I love to slob the knob. I drink mine with one ice cube.


----------



## Addiction (May 8, 2007)

I take it straight or with two ice cubes.


----------



## kjjm4 (May 8, 2007)

It's not bad mixed with coke, but I prefer it on the rocks.


----------



## BigBasMan (Aug 22, 2006)

On the rocks.



kjjm4 said:


> It's not bad mixed with coke, but I prefer it on the rocks.


Another Mountaineer????


----------



## carni (Jan 18, 2007)

one square ice cube, pour, drink, then repeat.

i would suggest Jim if you want to mix.


----------



## kjjm4 (May 8, 2007)

BigBasMan said:


> On the rocks.
> 
> Another Mountaineer????


Yeah. I was there from 1999-2005 (finished my BS in '03 and my MS in '05).


----------



## icehog3 (Feb 20, 2005)

I thought the from the thread title that this might be a review to the sequel to "Brokeback Mountain".....

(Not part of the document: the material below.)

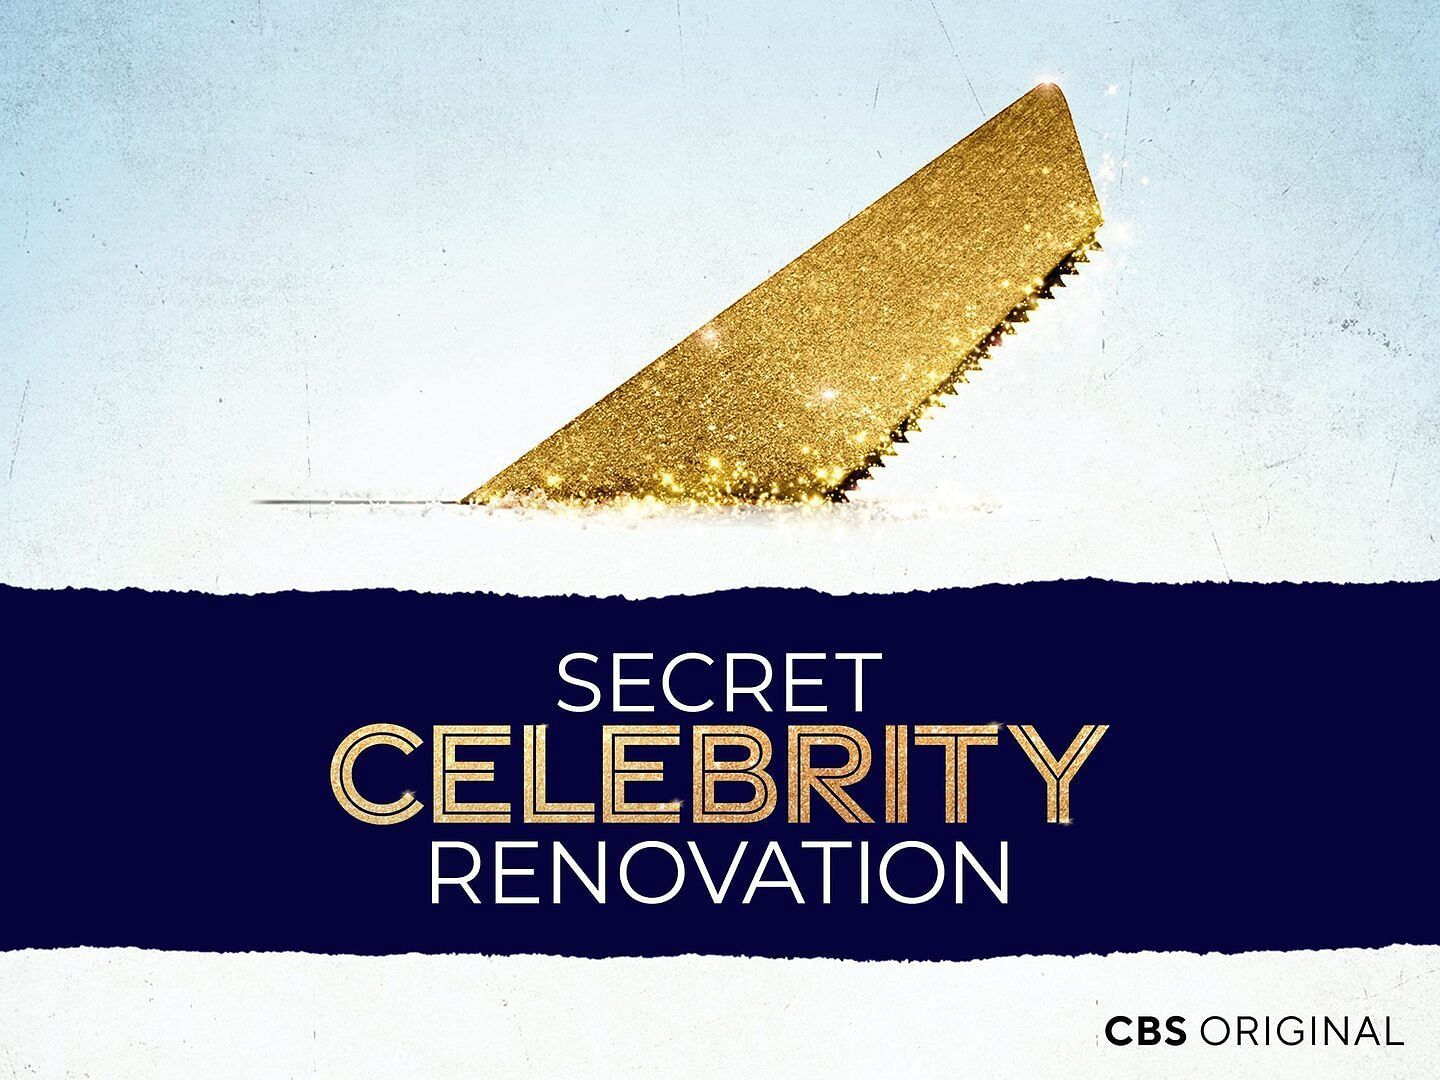 Secret Celebrity Renovation Season 2 will see a host of new celebrities surprising their loved ones with home makeovers (image via CBS network)

"Ennis, what do you say we 'go fishin' at Knob Creek' this summer"?


----------



## Smoked (Apr 12, 2007)

Stop Slobbin the Knob Icehog.


----------



## mikey202 (Dec 29, 2005)

icehog3 said:


> I thought the from the thread title that this might be a review to the sequel to "Brokeback Mountain".....
> 
> "Ennis, what do you say we 'go fishin' at Knob Creek' this summer"?


My question is this....Why do you know the movie soooooooo well, that you can quote it like that? :r Not that there is anything wrong with that..............(sound of crickets chirping):ss


----------



## Satch (Apr 17, 2007)

with an ice cube or two..... Gonna have some tonight!


----------